Siblings will often try to get you on their side during fights, hoping that you’ll help them win over their opponent. This is because they know that having somebody on their side makes them more likely to win the argument. However, taking sides in a fight only makes everyone feel worse and damages relationships.

Keep a lid on your emotions.

When you feel angry, think about why it’s important not to yell at your brother or sister in that moment. If you’re feeling betrayed by them, try to understand their perspective as well as yours. It might be tempting to start yelling about how much time they’ve wasted playing video games instead of doing their chores but even if this is true, yelling won’t help matters much here. If your brother or sister asks for space at this point, give it to them; it’ll help them come around sooner rather than later.

Be willing to apologize

If you’ve said something hurtful, it’s important that you apologize, even if they’re the ones who started the argument in the first place. An apology doesn’t take away their feelings but does show them that you care about them and want to make things right between you two.

Be honest about how you are feeling with them both.
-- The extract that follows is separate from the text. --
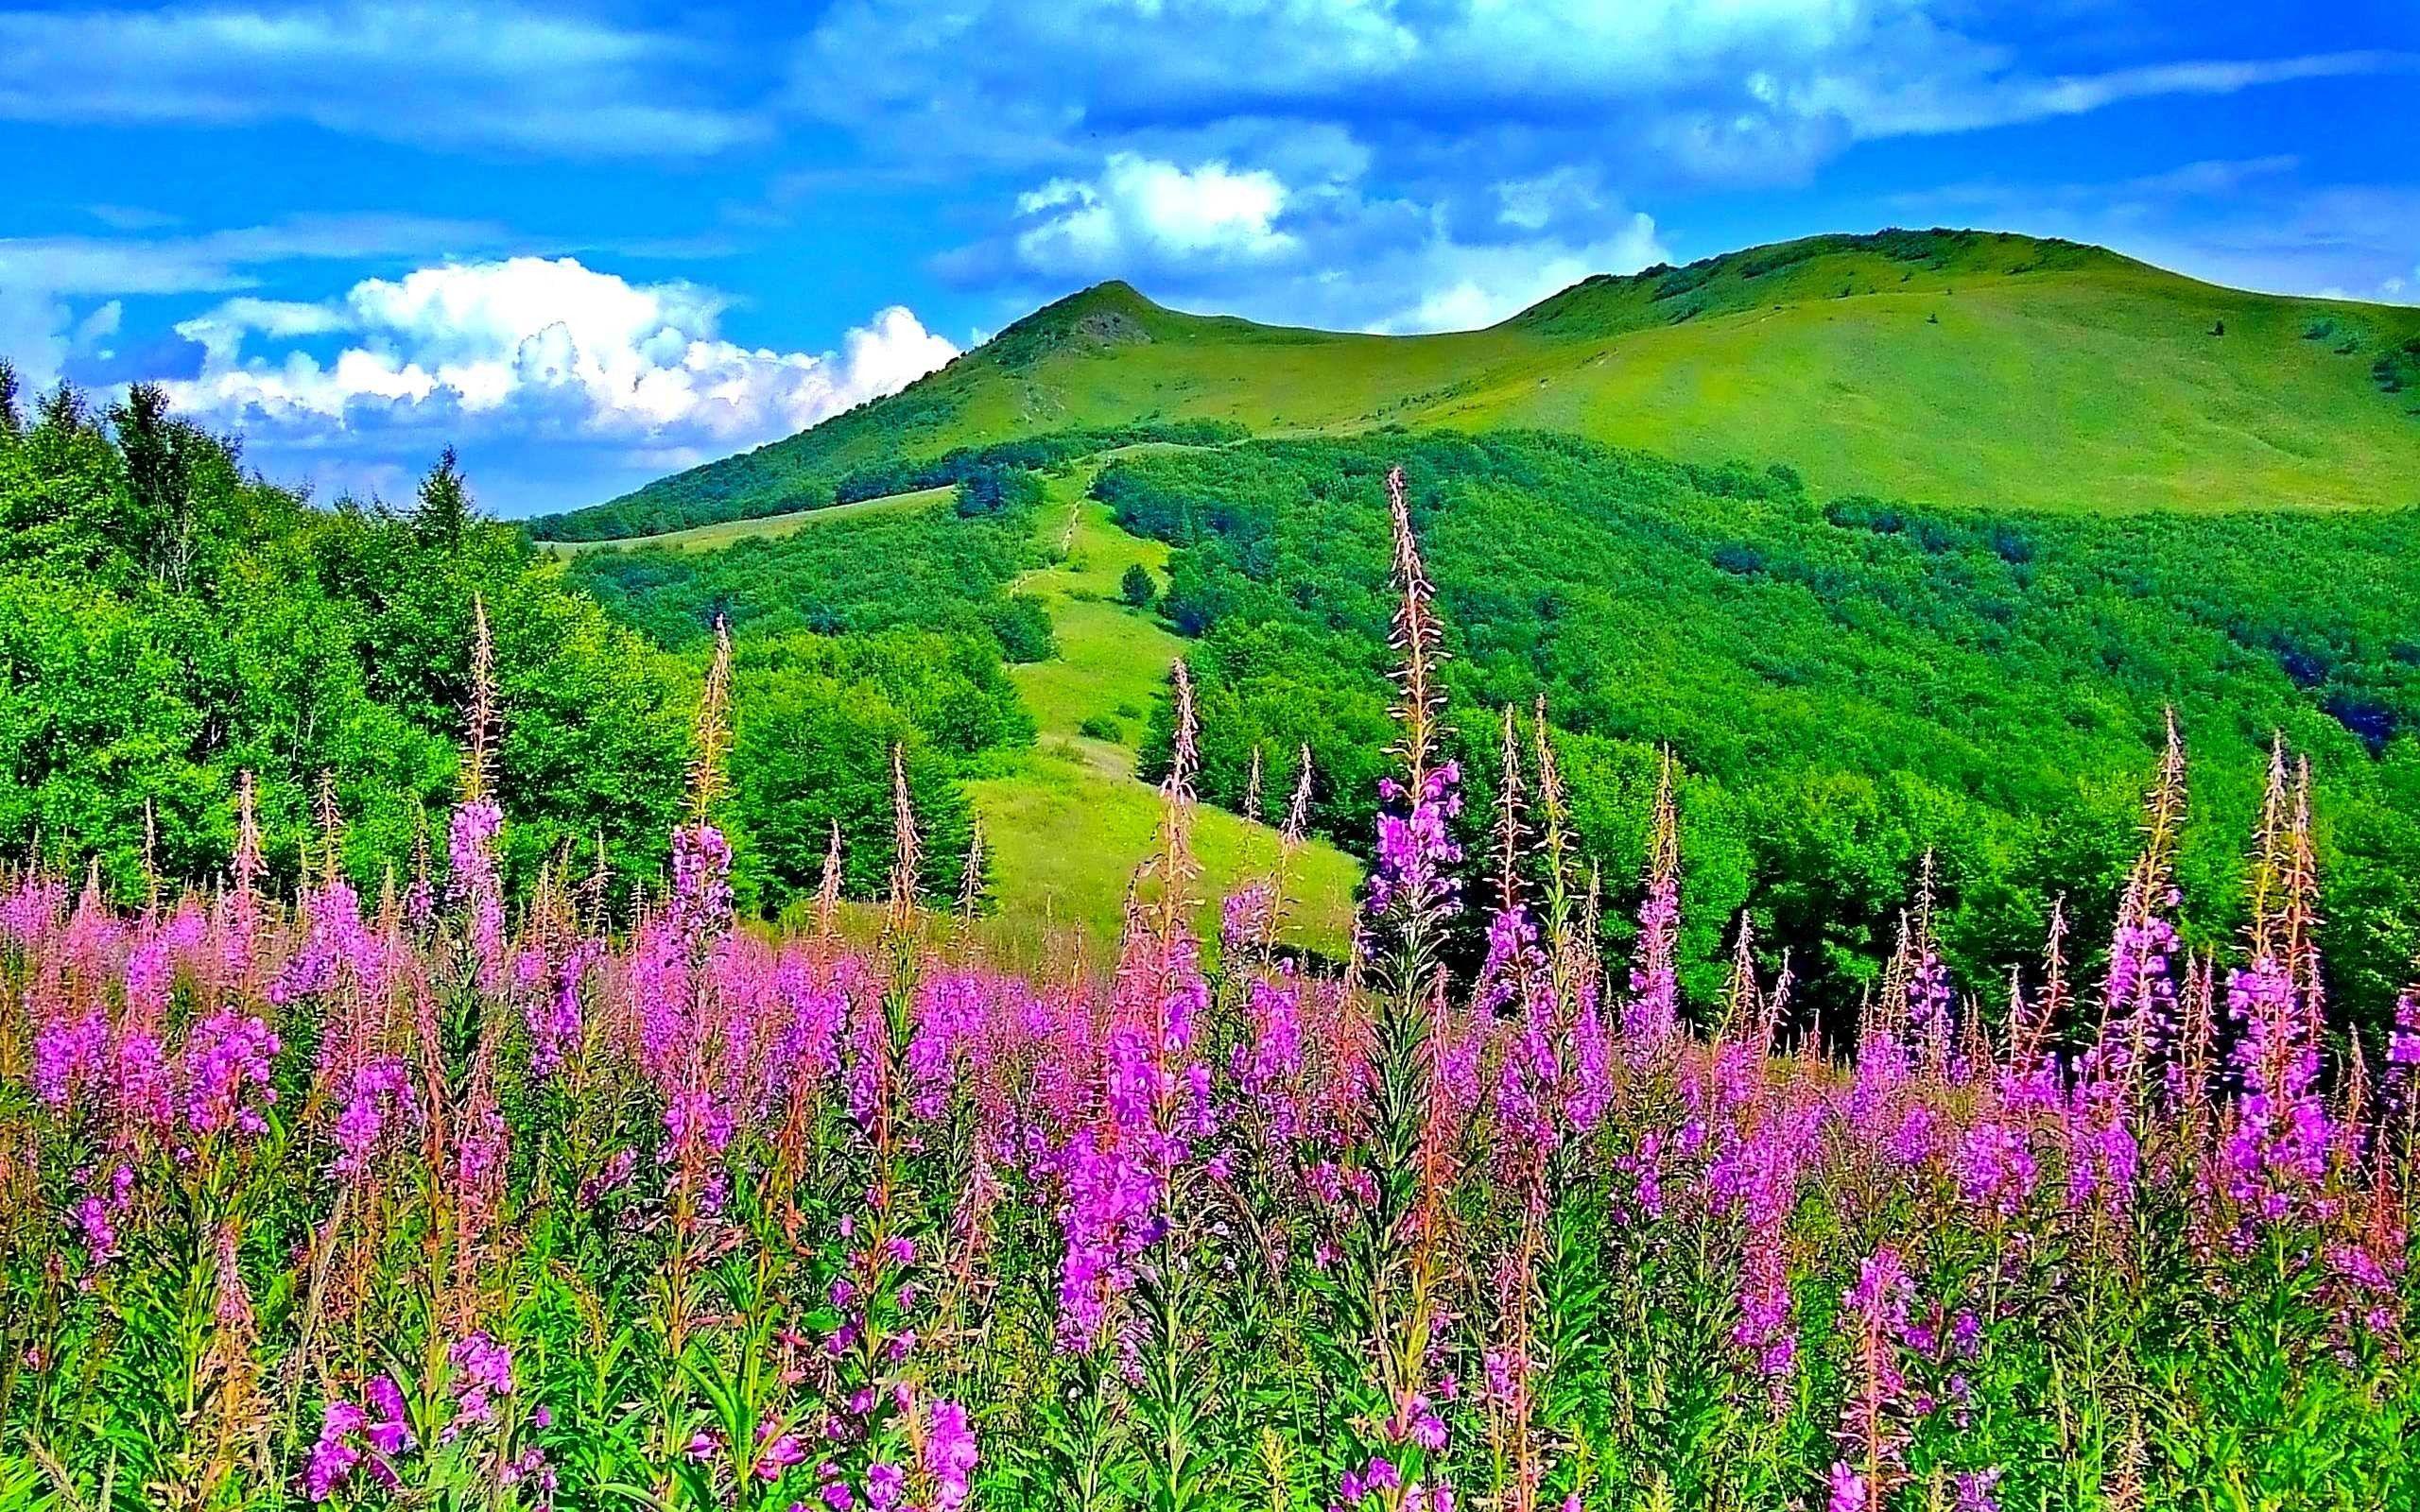 Beautiful Nature Spring Hd Desktop 10 HD Wallpapers 2560x1600

This means being open about what happened between you two in the past and why you feel hurt by it. For example, if they hurt your feelings by saying something mean about you behind your back, tell them that this made you feel bad and ask them why they said it in the first place. They might not realize that what they did was wrong and apologize for it immediately.

Don’t force it unless you have to.

Siblings who don’t get along often don’t want to be around each other, so don’t force an interaction if one of you doesn’t want it. If you feel like your brother or sister is being difficult, take a step back and give them some space, they’ll come around when they’re ready.

Find common interests and activities

You may find that once you start talking about things that interest both of you (such as sports or music), it’s easier to get along than if you just talk about what makes each person different from the other one (like their grades or personality traits).